RNA-seq normalization

As our data were both amplified from low input material and derived from developmentally heterogeneous samples, they do not fit the assumptions for normalization by scaling commonly applied to RNA-seq (e.g. minimal changes in gene expression between samples). We therefore normalized counts for the medium-high expression genes between samples using quantile normalization as previously described23. This essentially yields rank-like expression values, enabling comparisons (including differential expression analysis) between samples.

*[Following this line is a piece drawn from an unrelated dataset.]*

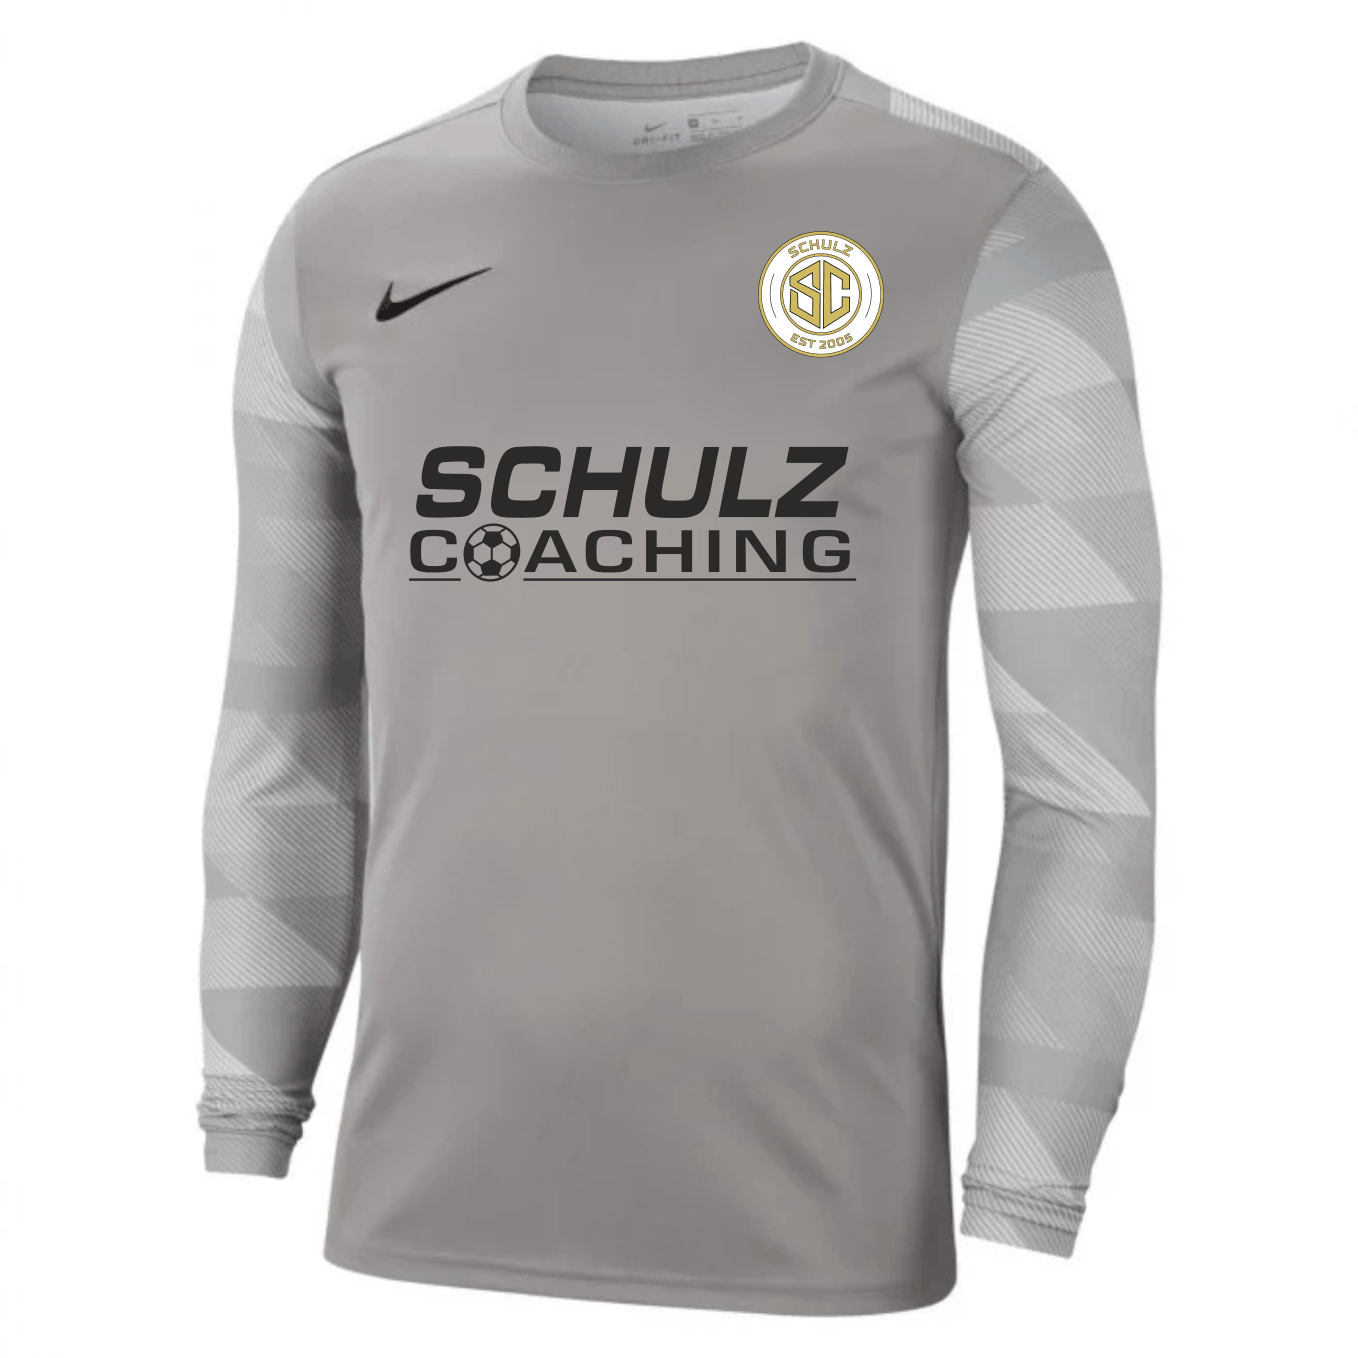 Schulz Coaching - Goalkeeper Kit Bundle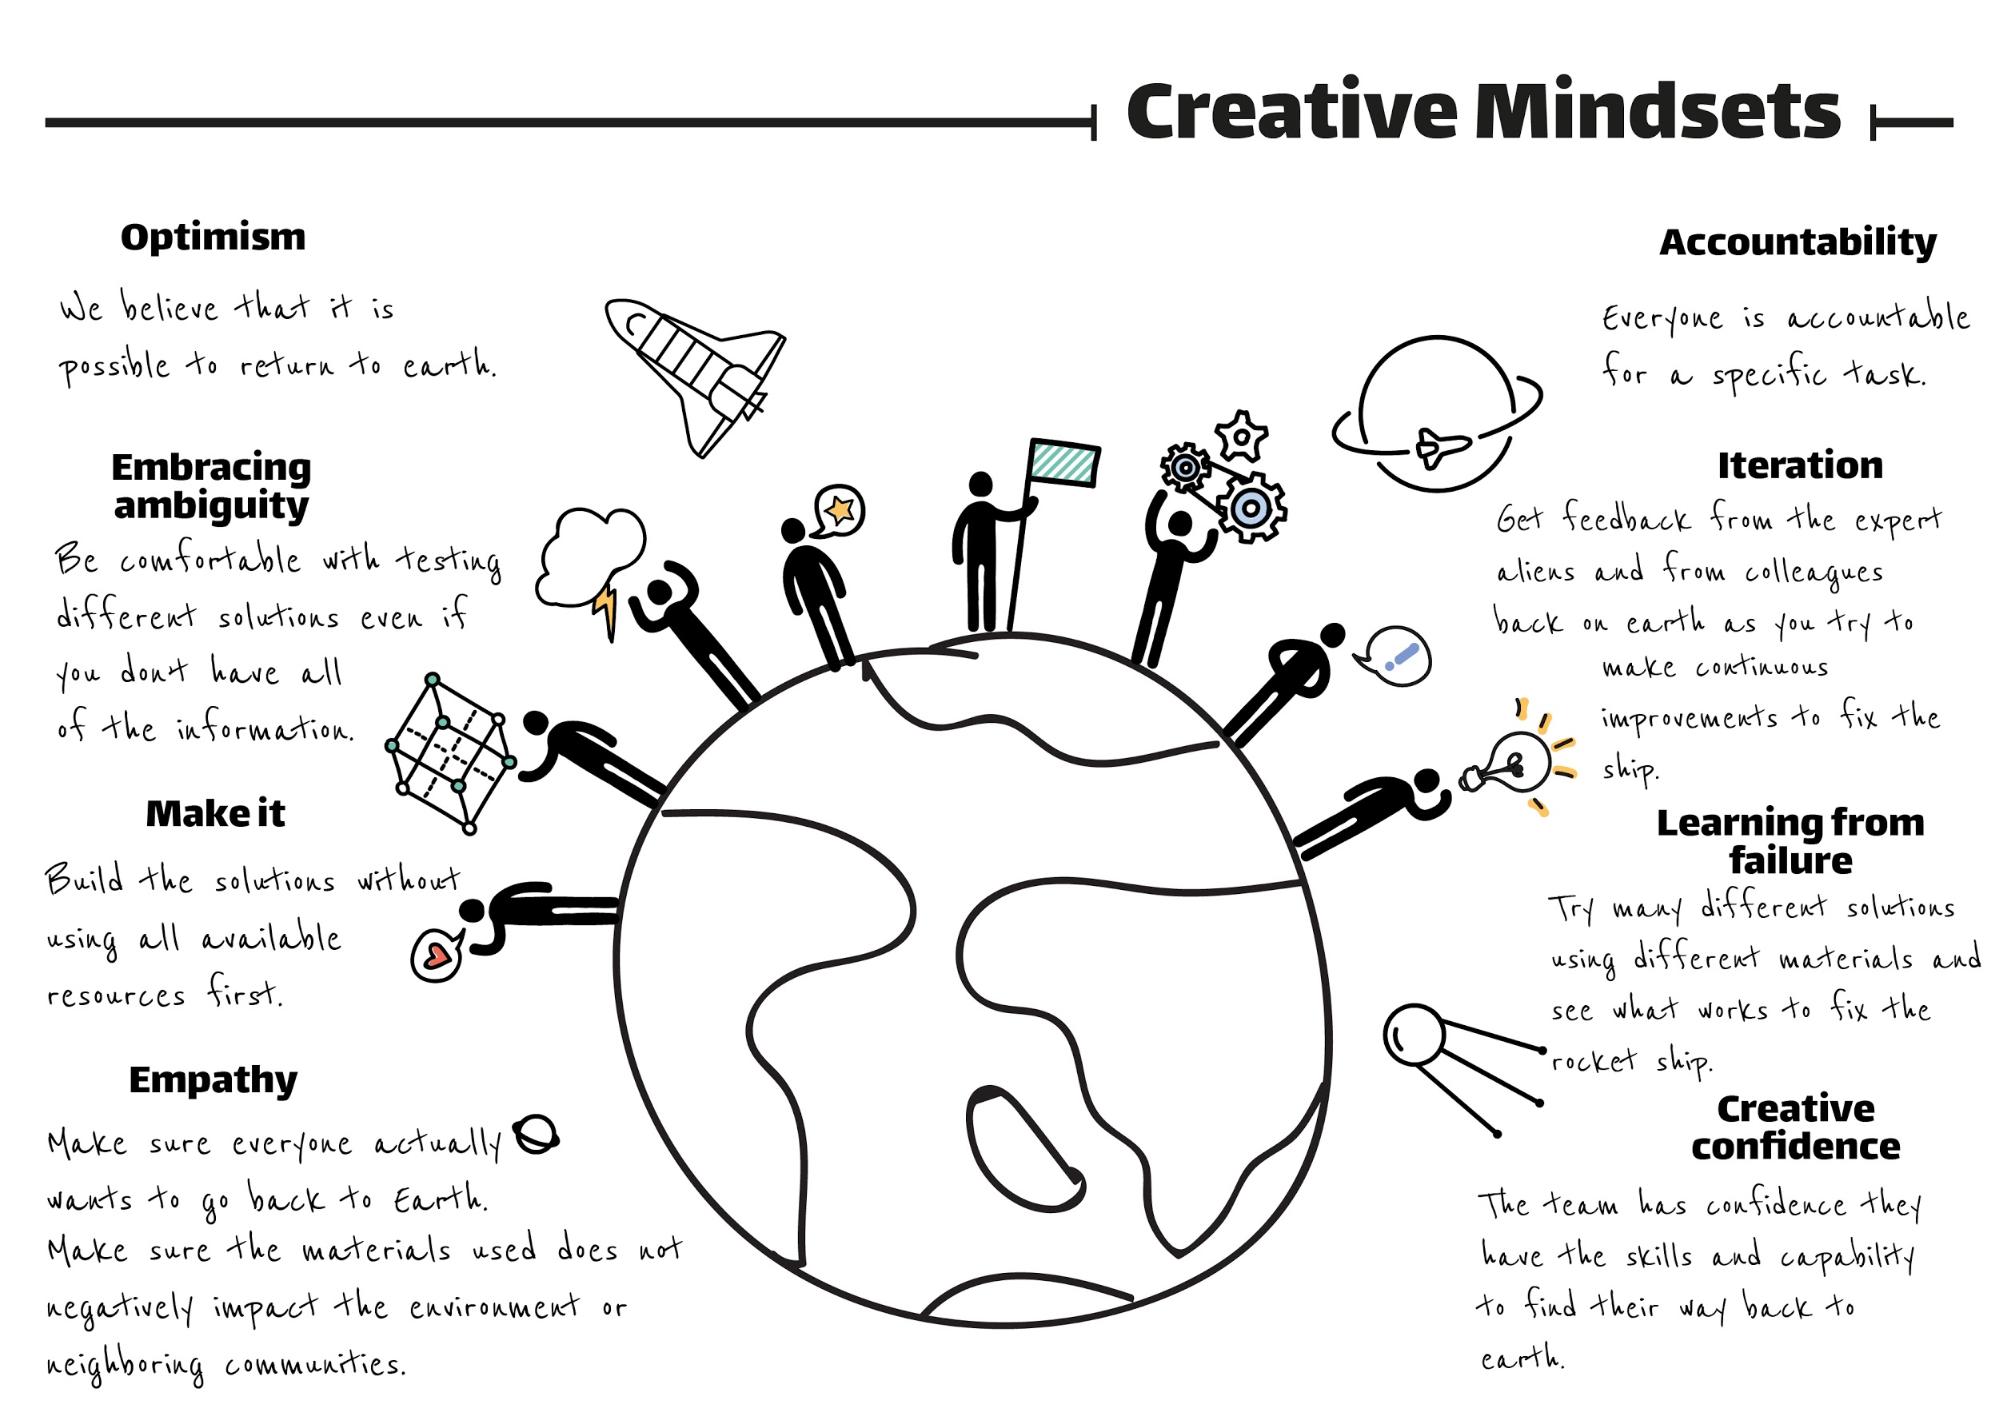 Creative Mindsets image

In order to validate this choice, we also normalized the data by scaling, using either the Trimmed Mean of M-values24 (TMM) or DESeq2-like25 estimates of scaling factors. Both gave very similar results (Pearson correlation r = 0.99 between the sets of normalization factors). Figure 5 illustrates the distribution of gene expression values obtained using quantile and TMM normalization. The first equalizes the distributions (Fig. 5a), whereas the latter fails to do so (Fig. 5b). In particular, using scaling normalization, the pituitary samples from sexually mature fish appear to show lower overall expression, which would have a major effect on any downstream analysis. For example, differential expression analysis would flag the majority of genes as downregulated, not counterbalanced by any upregulation. Although reduced transcriptional activity could be a genuine biological phenomenon, one would not expect to see this represented in sequencing data after RNA extraction, cDNA amplification, and library preparation. A more plausible explanation is the (expected) impossibility of deriving a single sample scaling factor to equalize such data.

Our available dataset includes data processed by both methods. We recommend using the quantile-normalized values for most purposes, including all comparisons between samples. For comparisons within each sample, these data may be less suitable, as the procedure dampens large variation in expression levels (see the difference in y-axis scale in Fig. 5a,b).